Hier hatte er sein Zentrum. Hier ballte sich seine Kraft in einem Punkt. Wie in einem Brennglas. Es war ein einzigartiger Ort auf Erden.
Und Jarrik hatte ihn gefunden. Sein Herz schlug höher als beim ersten Anblick seiner nackten Freundin. Er legte seine Kleider ab und betrat die Hütte. Wenn es einen Ort gab, um eins zu werden mit dem Universum, dann war es dieser.
Jarrik entzündete ein Feuerchen und begann mit seinem ausgedehnten Ritual der Anrufung von Mutter Erde.
Seitdem schien eine Ewigkeit vergangen zu sein. Er kauerte unter der hintersten Bank der achteckigen Hütte. Er biss sich auf die Fingerknöchel und zitterte am ganzen Leib. Er konnte den Blick nicht vom Eingang lösen. Ein letzter Rest Glut tauchte das Innere in schummriges Blutrot. Mit der Dunkelheit waren die Flammen gekommen, gefährlich singende Feuerbälle, die einen unheimlichen Tanz vor der Hütte aufgeführt hatten. Wenig später sollte sich Jarrik nach ihrem giftigen Zischen und Knattern zurücksehnen, als nämlich der Nebel in einem zähflüssigen Bleigrau heranwaberte und die Hütte einschloss.

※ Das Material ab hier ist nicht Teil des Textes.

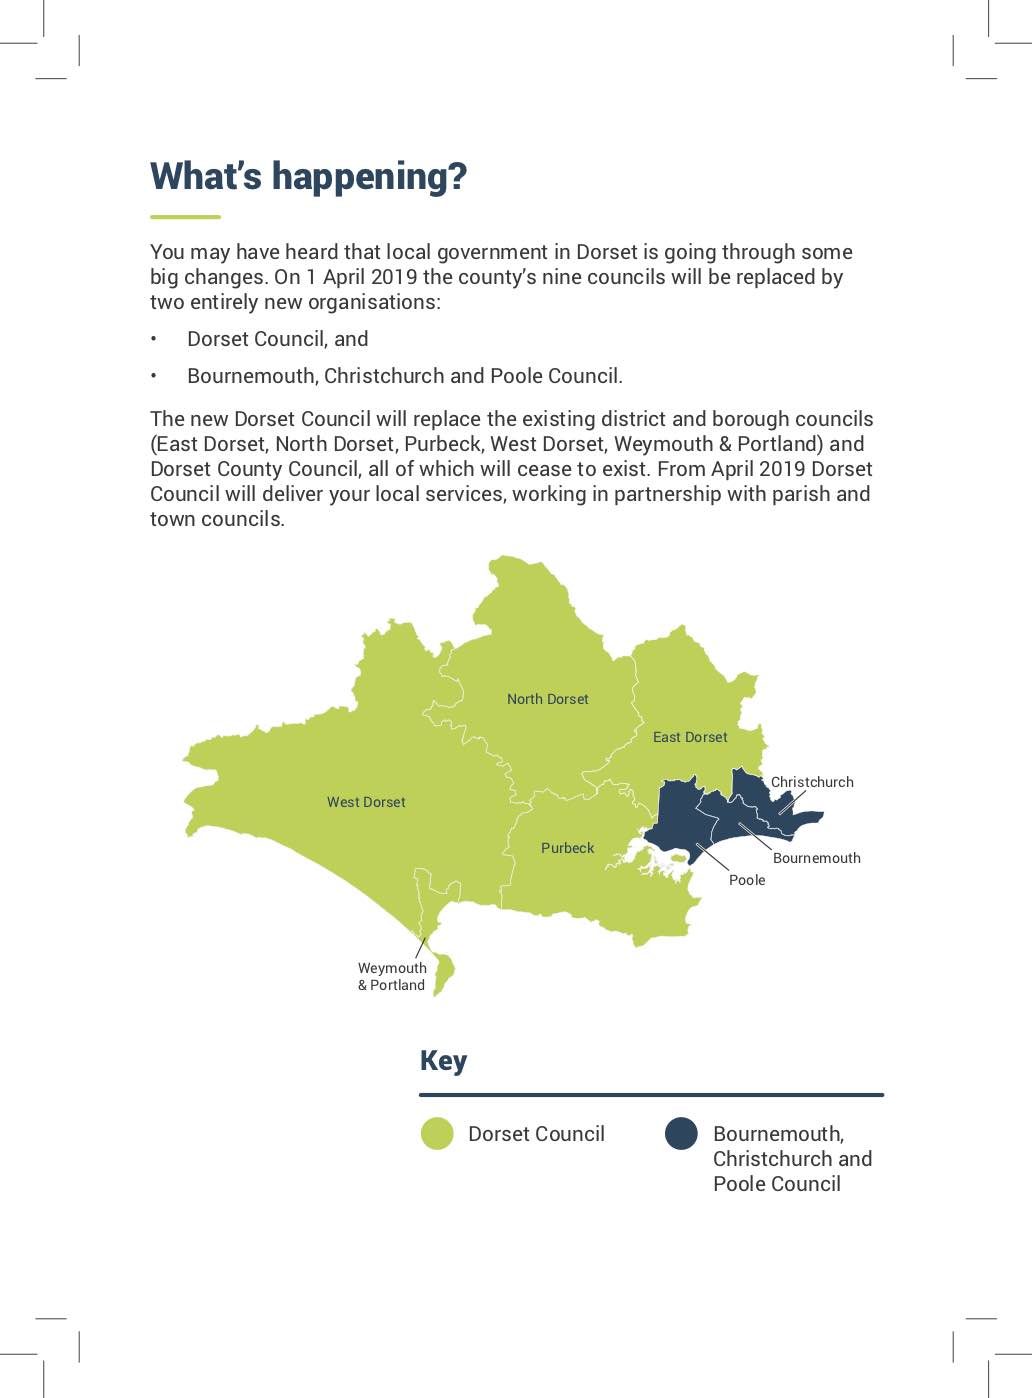 Changes to Dorset Councils from 2019

Urinstinkte waren in Jarrik erwacht und hatten seinen Körper mit einer Furcht durchflutet, wie er sie noch nie gespürt hatte. Schneidend und unerbittlich war sie. Seine Knochen schienen zu Trockeneis zu erstarren, Eisgarn fesselte seine Glieder, wie er da auf dem Boden hockte. Seine Zähne klapperten, er schlotterte unkontrolliert und benässte seine bloßen Knöchel.

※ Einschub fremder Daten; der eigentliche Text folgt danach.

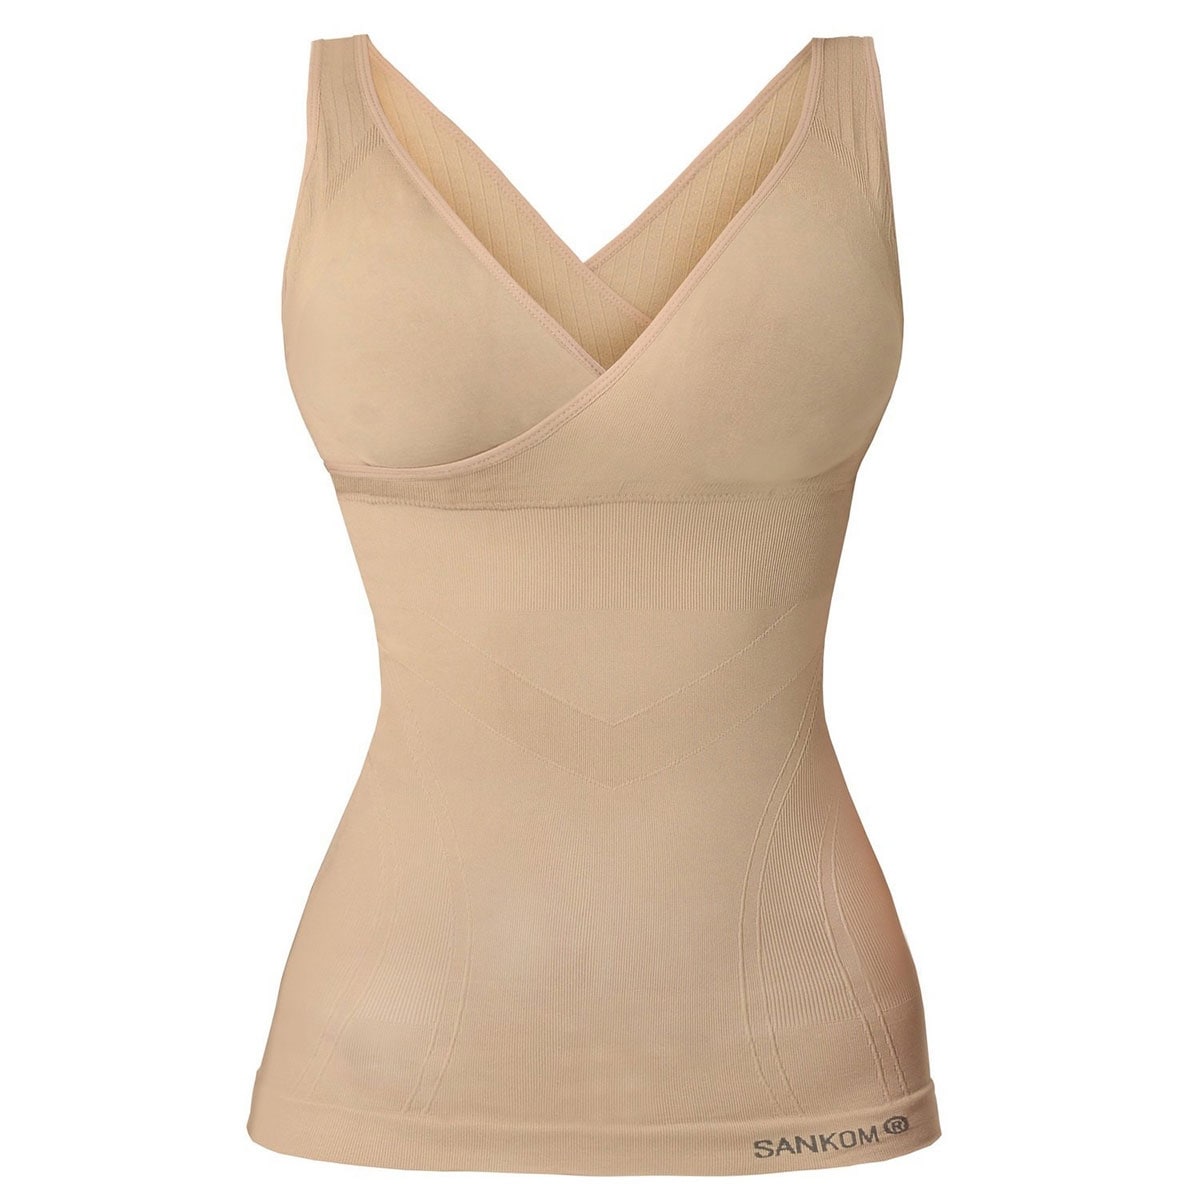 https://ak1.ostkcdn.com/images/products/is/images/direct/c842e616e0bbc682c1e637898ee79c39cfe006d6/SANKOM-Patent-Shaping-Camisole-Bra-Cooling-Fibers-Beige--XL-XXL.jpg
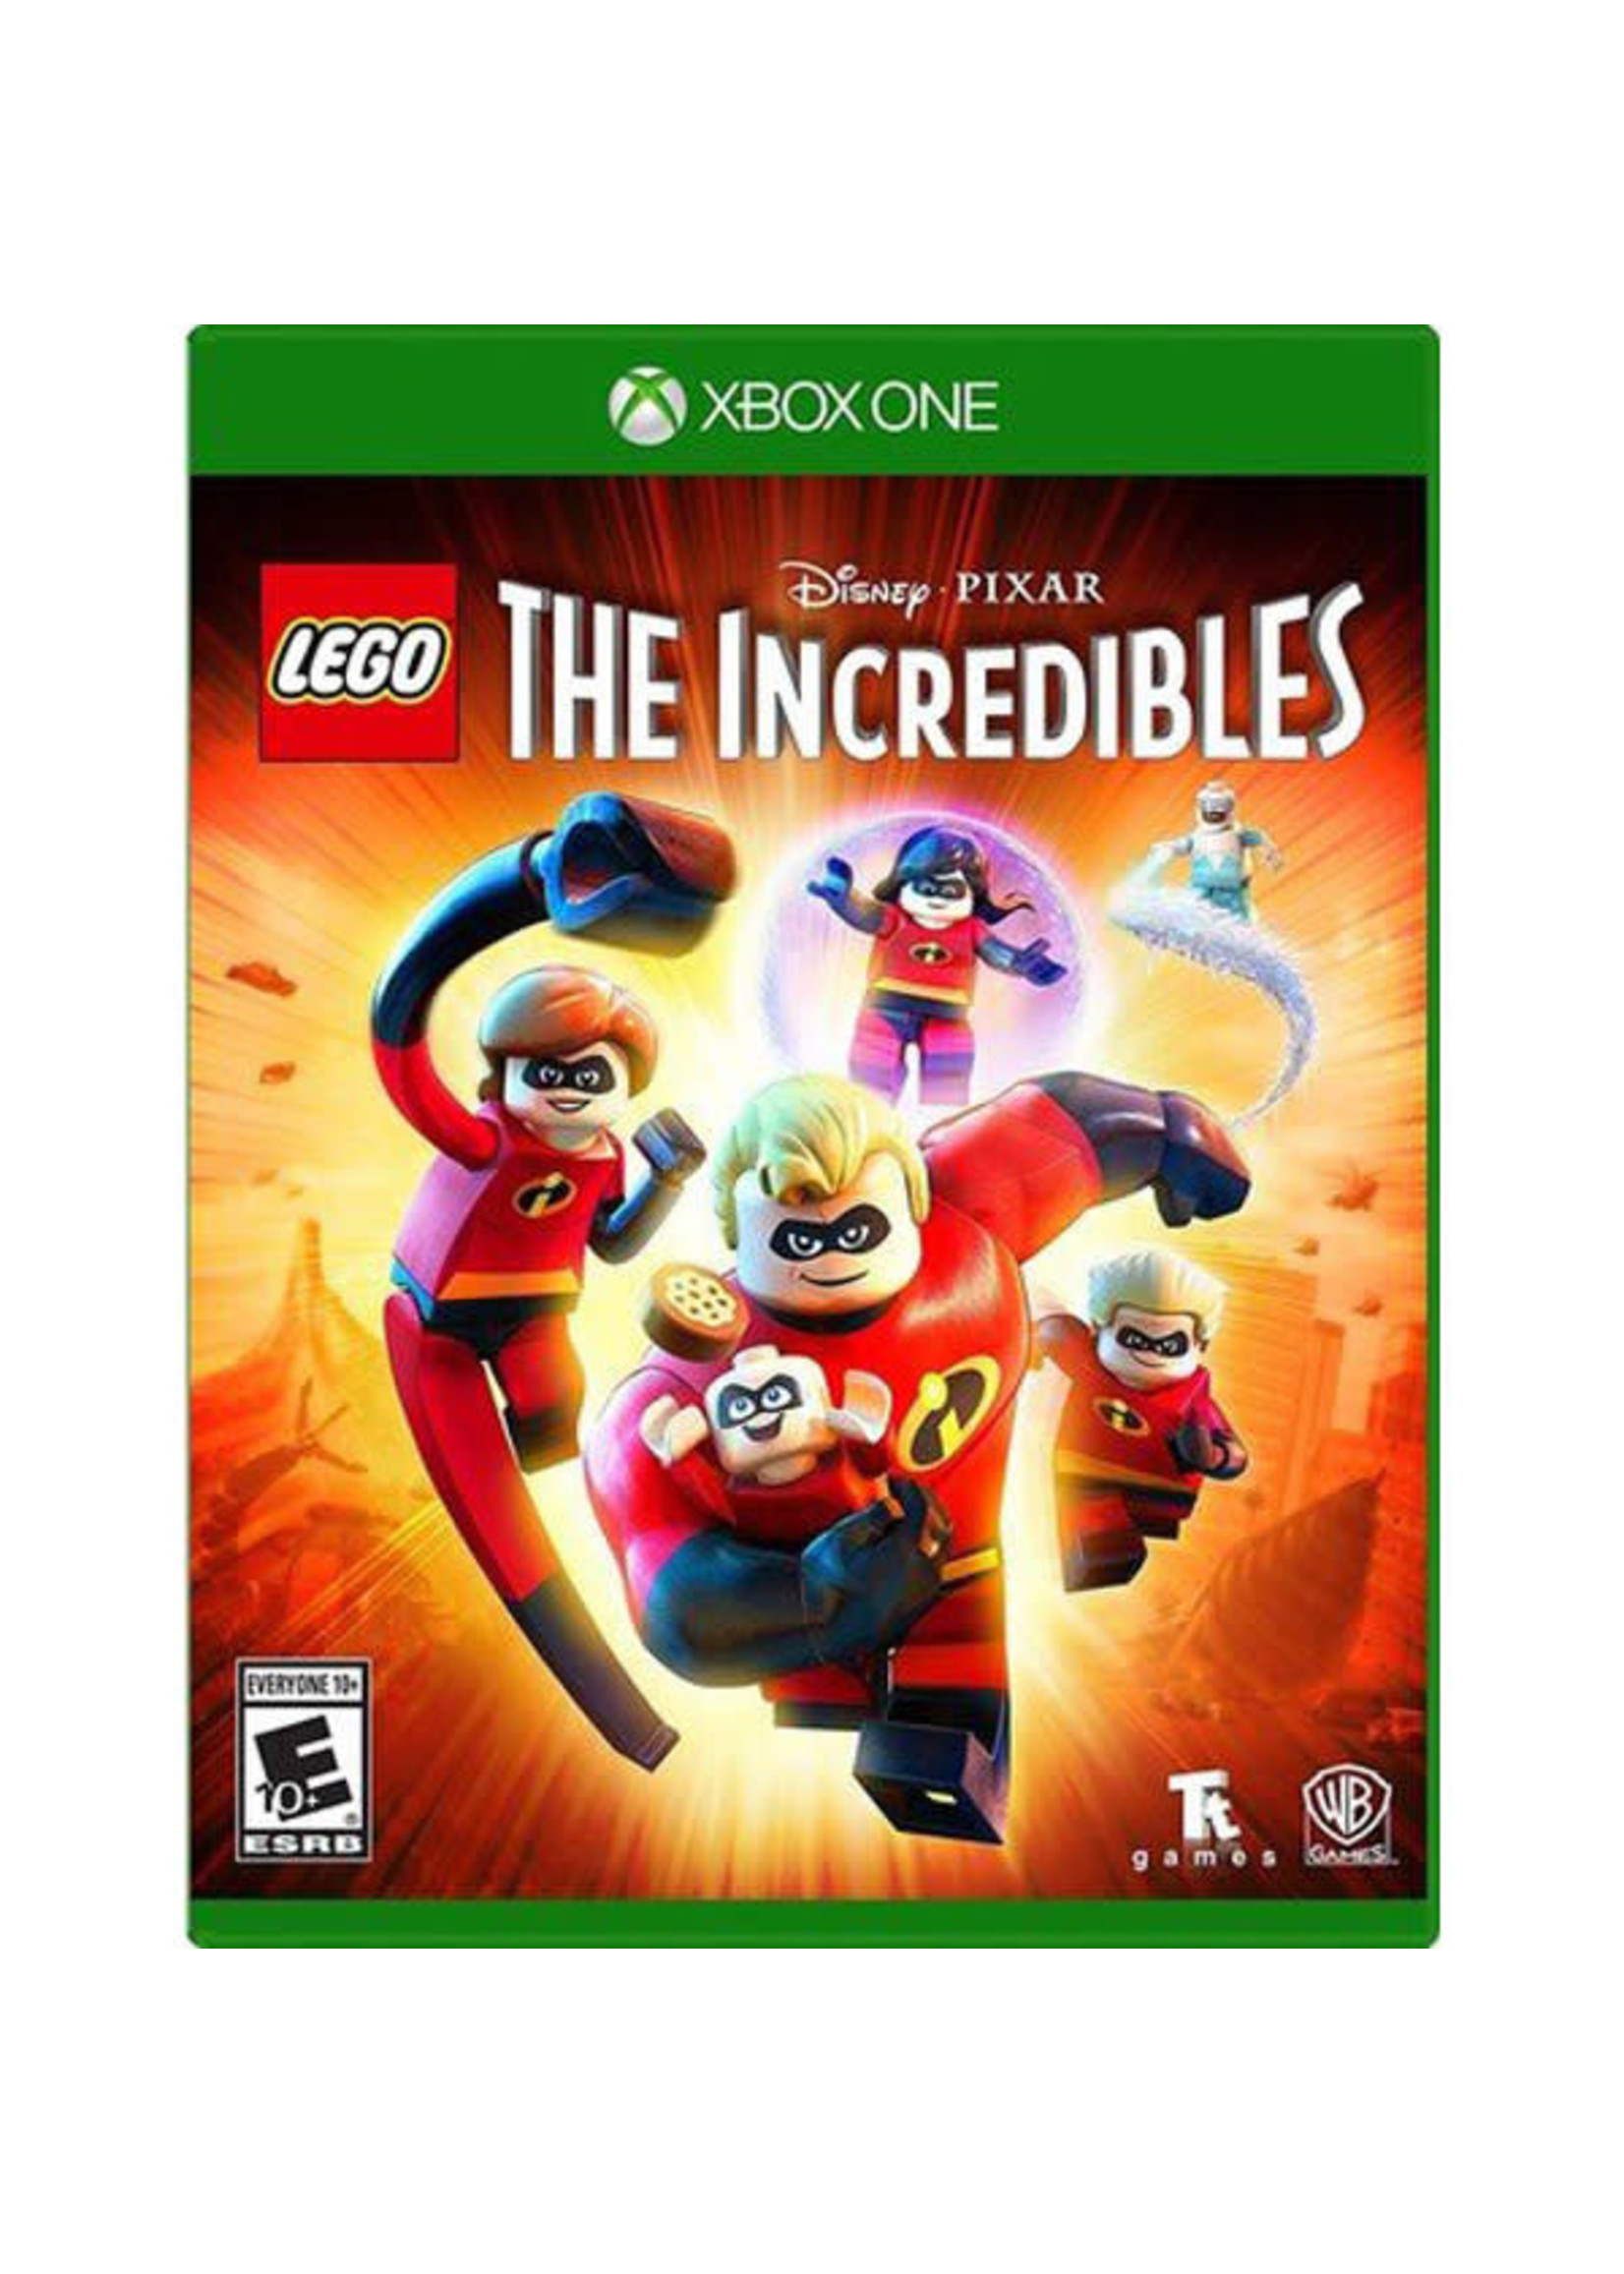 LEGO THE INCREDIBLES  XBOX ONE (USAGÉ)

Als der Morgen kam, erstrahlte der Wald in zauberhafter Herrlichkeit. Nichts erinnerte mehr an das urtümliche Grauen der Nacht. Außer den Kleidern, die Jarrik vor der Hütte abgelegt hatte. Sie waren zerfetzt und starrten vor Blut und Schmutz. Auf ihnen lag ein Brocken gebrochenes Lavagestein. Die fingerdicke rote Lasur auf der Oberseite glänzte wie frisch geschmolzen.
Netz im Wald
Es war das Haus, das sie sich gewünscht hatten. Rot gestrichen, mit weißen Fensterrahmen, Traufen und Ortgängen, genau so, wie sich jeder ein schwedisches Haus vorstellte. Schon der Weg hierher war wunderschön gewesen: Von der Landstraße zweigte eine Schotterpiste ab und schlängelte sich durch einen Wald voll lichter Birkenhaine, plätschernder Waldbächlein und sich im Sonnenlicht wiegender Rispengräser auf Lichtungen, auf denen einfach ein Elch stehen musste. Felsbrocken mit von Eisen rötlich schimmernden Flanken lagen dort, und es wäre gar nicht verwunderlich gewesen, Gnome und Elfen zwischen ihnen herumtollen zu sehen. Und mittendrin in diesem Traumland, ihr Haus.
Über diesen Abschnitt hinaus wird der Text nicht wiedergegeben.